A mí siempre me consideró con la benevolencia de las grandes almas ante la frivolidad. Benevolencia propia del fuerte, del que sabe que al final triunfará como no lo sabía el enajenante James Dean cuando se compró un Porsche. Eso de ser periodista le producía una especie de ternura, la misma que se tiene por los recién nacidos aquejados de sinusitis profunda pero infantil. Consideraba, no sin cierta razón, que nuestro oficio era de una trivialidad (la palabra no la conocía pero sí la intención) propia de la eterna Alicia de toda la vida. Le fascinaba que alguien pudiese perder el tiempo contando cosas de los demás machacando las teclas de una máquina de escribir. Se enamoró de una muchacha que tenía la belleza de la casta superior y decidió hacer fortuna.

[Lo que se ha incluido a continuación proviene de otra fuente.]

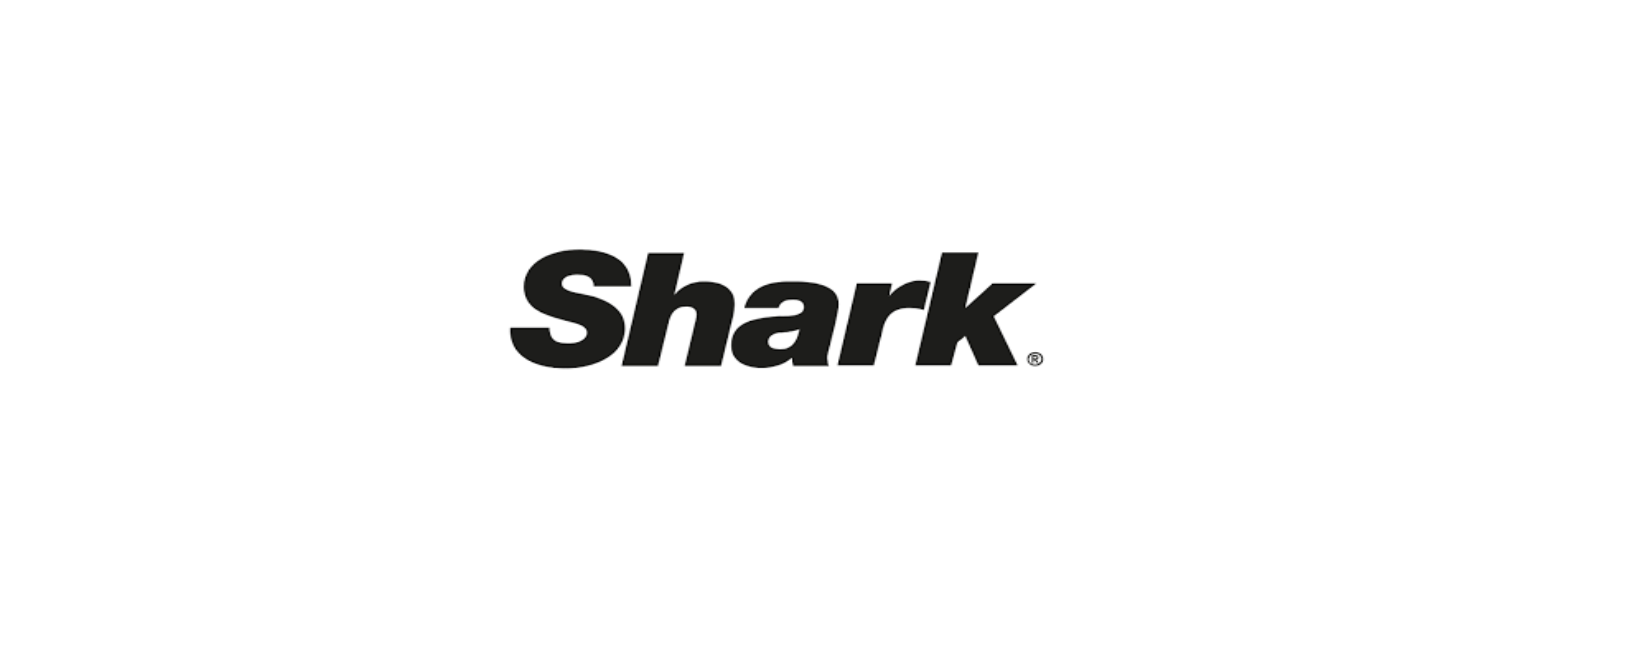 Sharkclean Discount Code 2021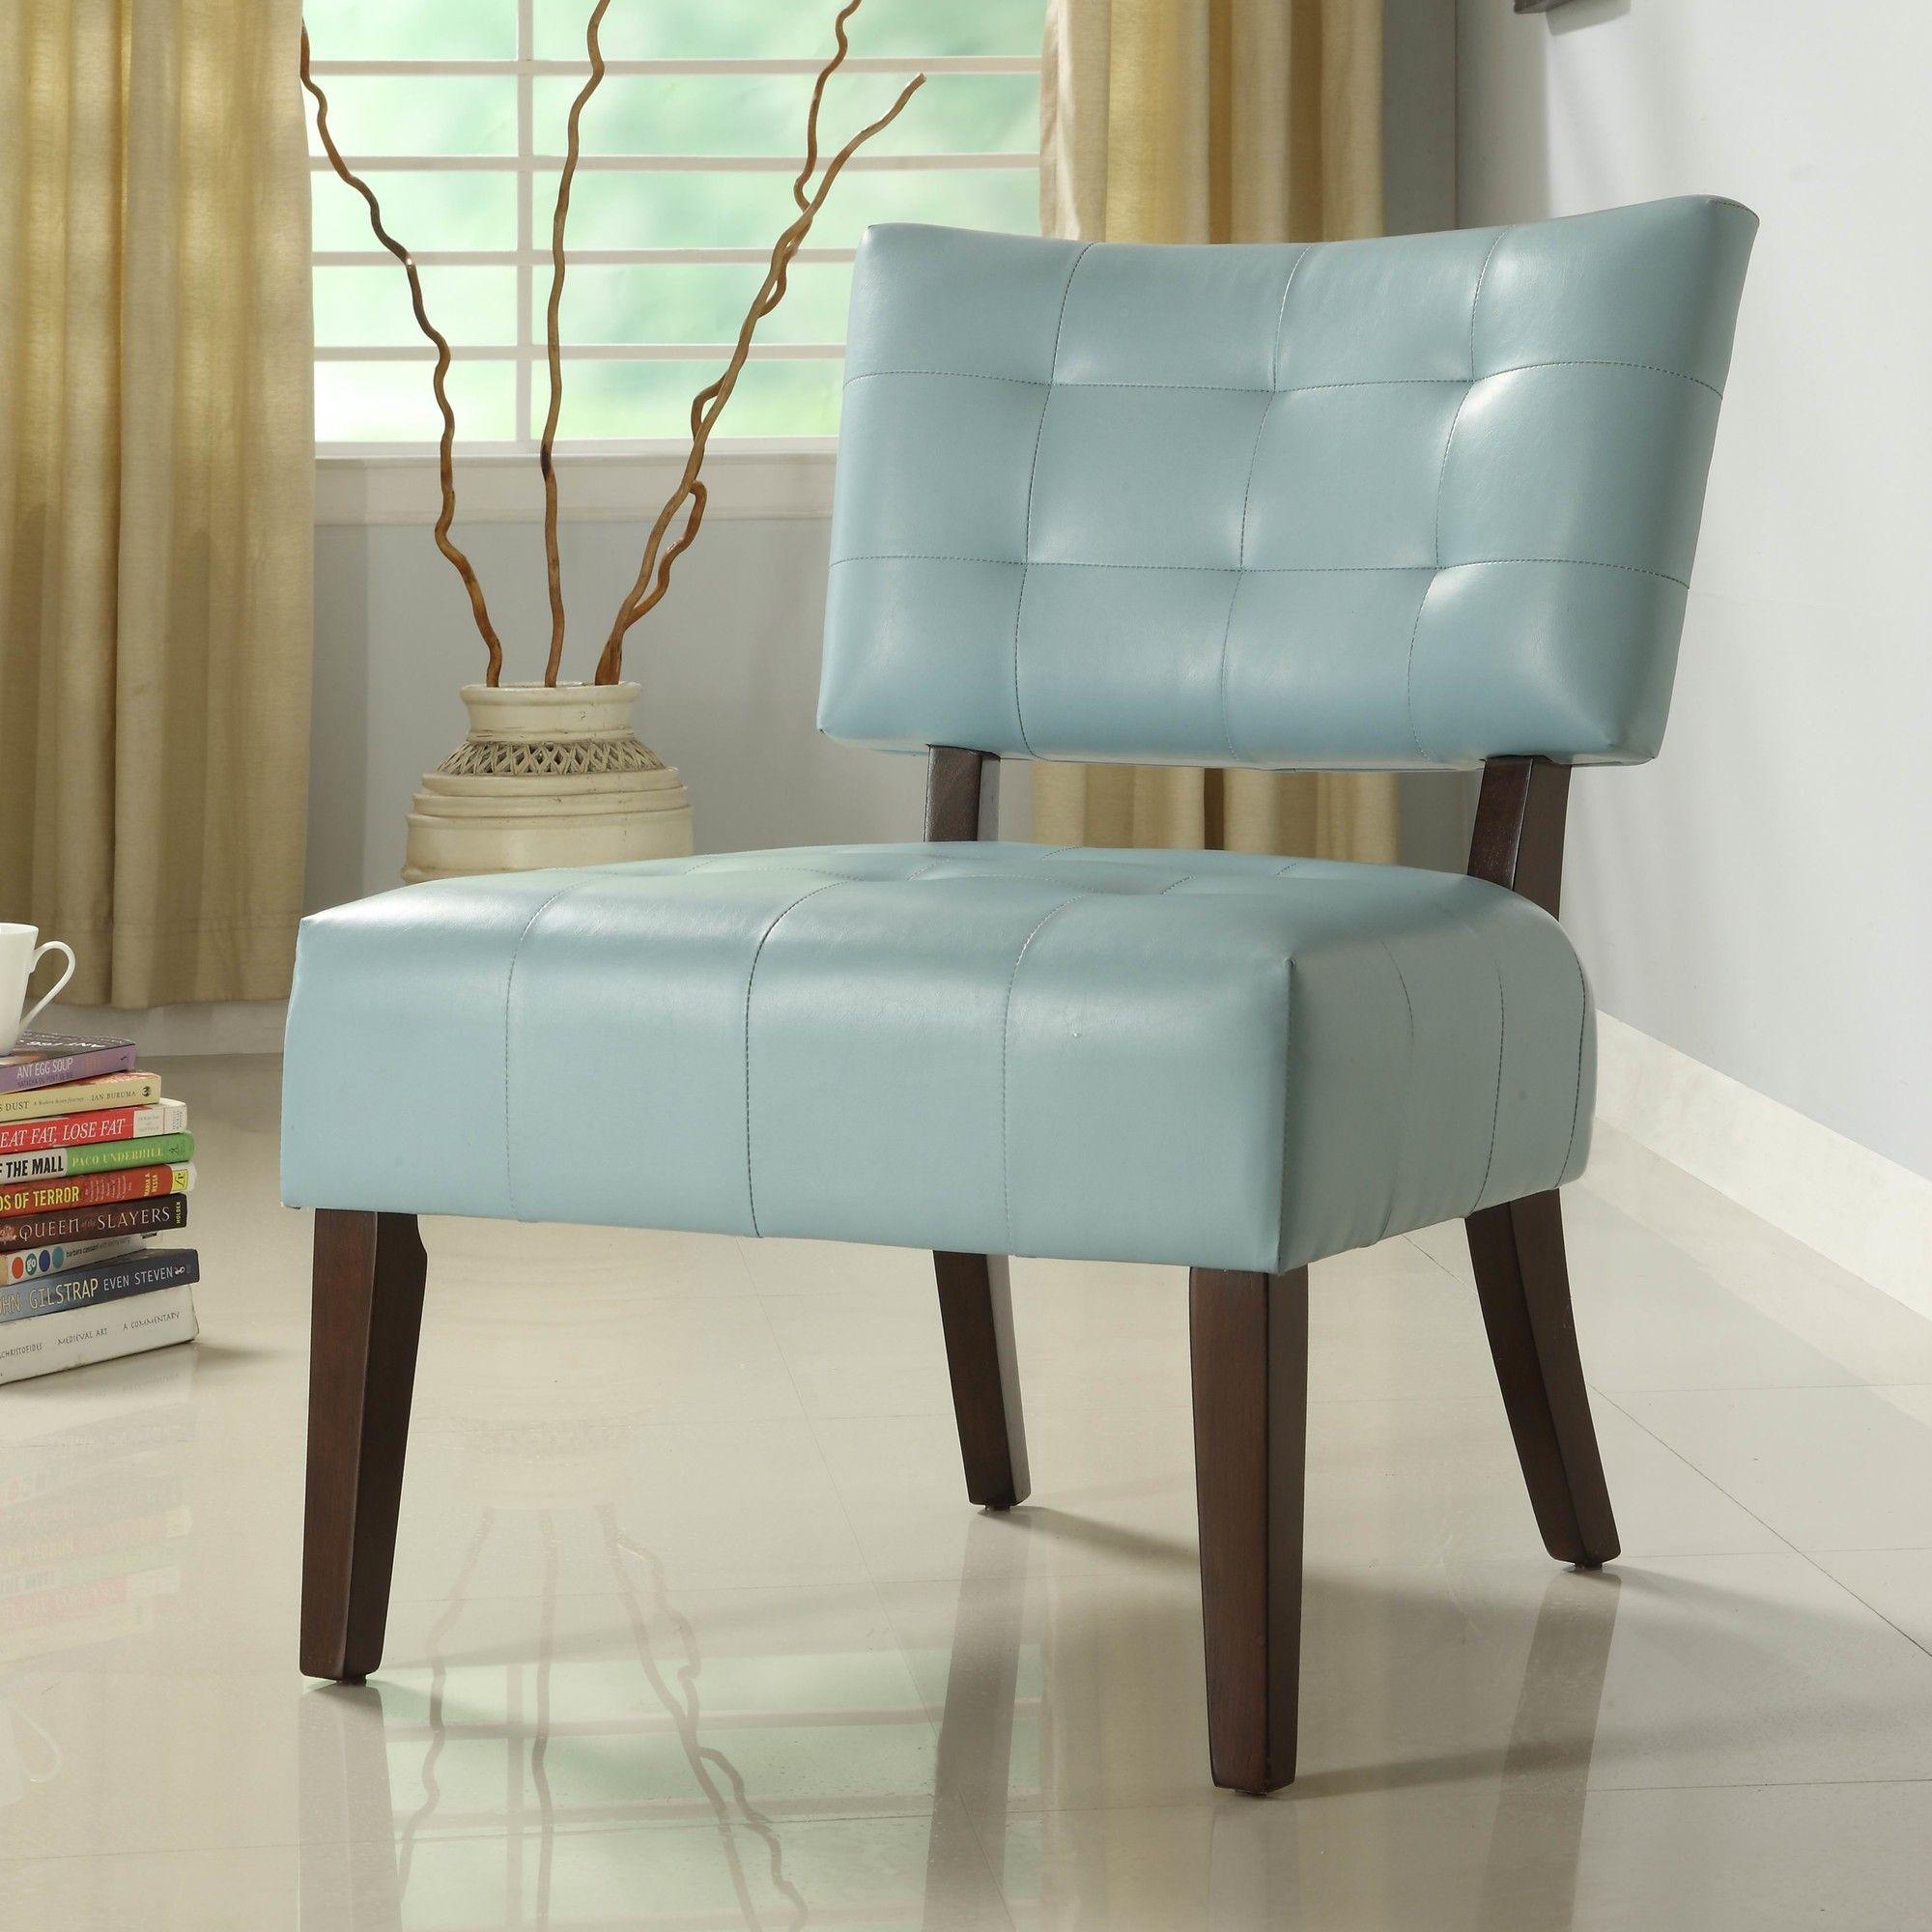 Woodhaven Hill Warner Vinyl Slipper Chair AllModern

Hizo fortuna como hubiese tejido un calcetín en una institución benéfica para gente con la cabeza desordenada. Su película fue por cumbres borrascosas, y descubrió un juego que llegaba de Estados Unidos. Lo introdujo o ayudó a introducirlo en una parte de Europa, donde más de uno dejó la vida  en esta lucha de poderío y dinero. Hizo fortuna, tuvo caballos, muchas risas que podían haber ritmado Robert Redford y Paul Newman con un mismo destino.

A él, que vivió una vida de película sin siquiera percatarse, le habría provocado una sonrisa mi preocupación por Scarlett Johansson. Y sin duda le habría atacado la risa de saber que unos mentecatos quieren vivir a costa de Van Gogh afirmando como verdad fundamental que no fue él quien se cortó un cacho de oreja por desesperación amorosa sino que otro pintor, Paul Gauguin, se la cortó por celos de una señora prostituta.  Me parece que habría zanjado la discusión, que no otro lóbulo, sacando el fajo de billetes que siempre llevaba en el bolsillo derecho del pantalón y habría preguntado que cuánto se debía. Era así de auténtico, real como cualquier héroe de cine negro salido de la pluma de Raymond Chandler.

(*): Sergio Berrocal es periodista, escritor y cinéfilo. Ha trabajado durante cuarenta años para la Agencia France Presse. Su última novela publicada es "Último vuelo para Manaus".